The company also tapped into Capgemini’s ecosystem of partners by engaging them early on in the value case and product development, to make sure CPChem was being bold enough and doing the right things at the right time. The teams could avoid going down paths that were not as productive and kept them on the highest-value path all the time.

“CPChem is going to be dramatically changing over the decades to come,” Gislason says. “The entire industry is changing because of new technologies that are available. Machine learning and artificial intelligence allow you to make better decisions, drive more value to your customers, and be safer and more reliable. All of those things are facilitated by Capgemini’s expertise within the organization and their customer network that allows us to think of better ideas and work together to deliver a product.”

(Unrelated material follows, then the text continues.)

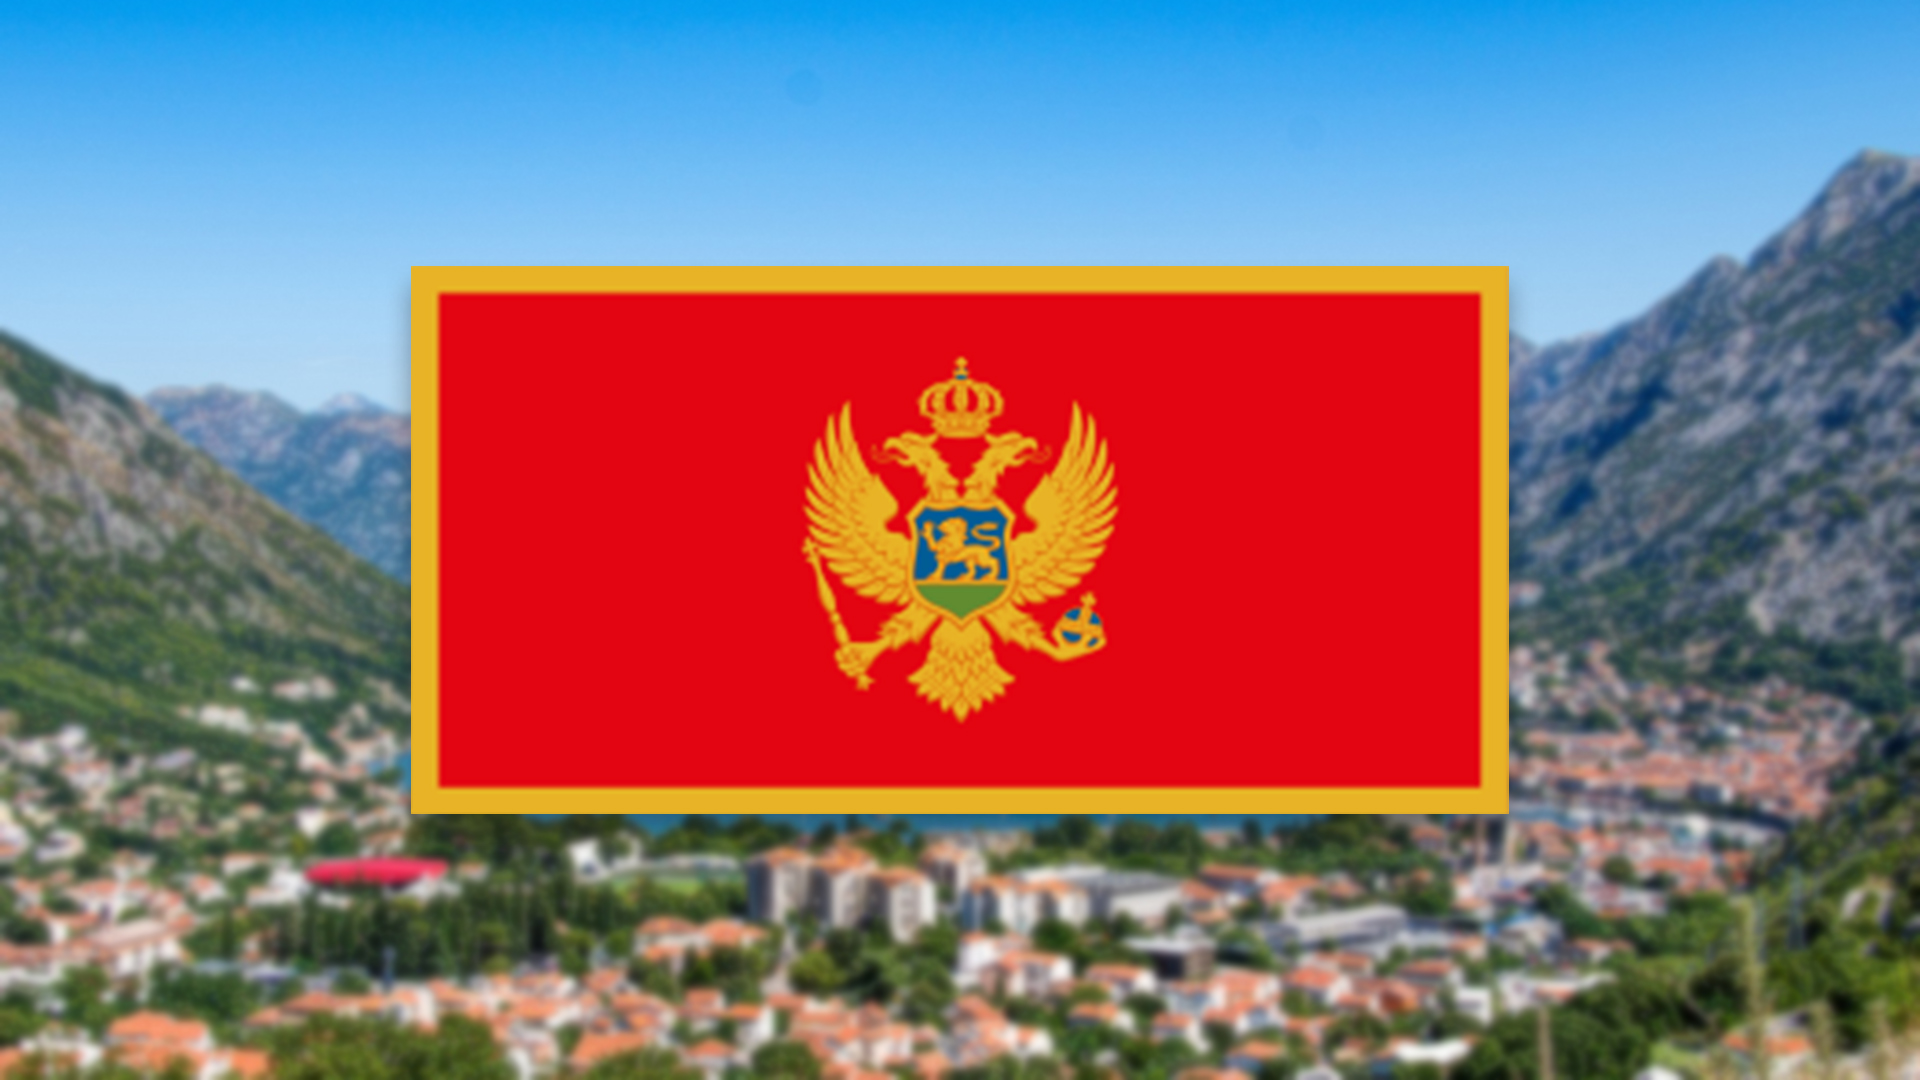 You are currently viewing Auswandern nach Montenegro – unterschätzter Geheimtipp zum Auswandern?

The company is seeing a significant difference in its plant operations, as the new digital tools have boosted reliability, safety, and production. Even though the plants may be physically limited on how much material they can produce, intelligent operations maximize the output of each, while maintaining safety.

“We will probably never stop the digital transformation,” Gislason says. “When you look at the adoption of new technology, these tools have been waiting for decades. The problems and needs of the organization have been around forever. The ability to solve those problems is just becoming available now. We will be digitalizing and changing all our systems to predict better. What I expect is the technologies develop so quickly that in three years, we will have developed a better way to solve a problem than before. It is really a change in the way you think about how you solve problems but also just a fundamental change in the way you work across the entire company.

“There is almost an endless supply of things you can do to make your business better.”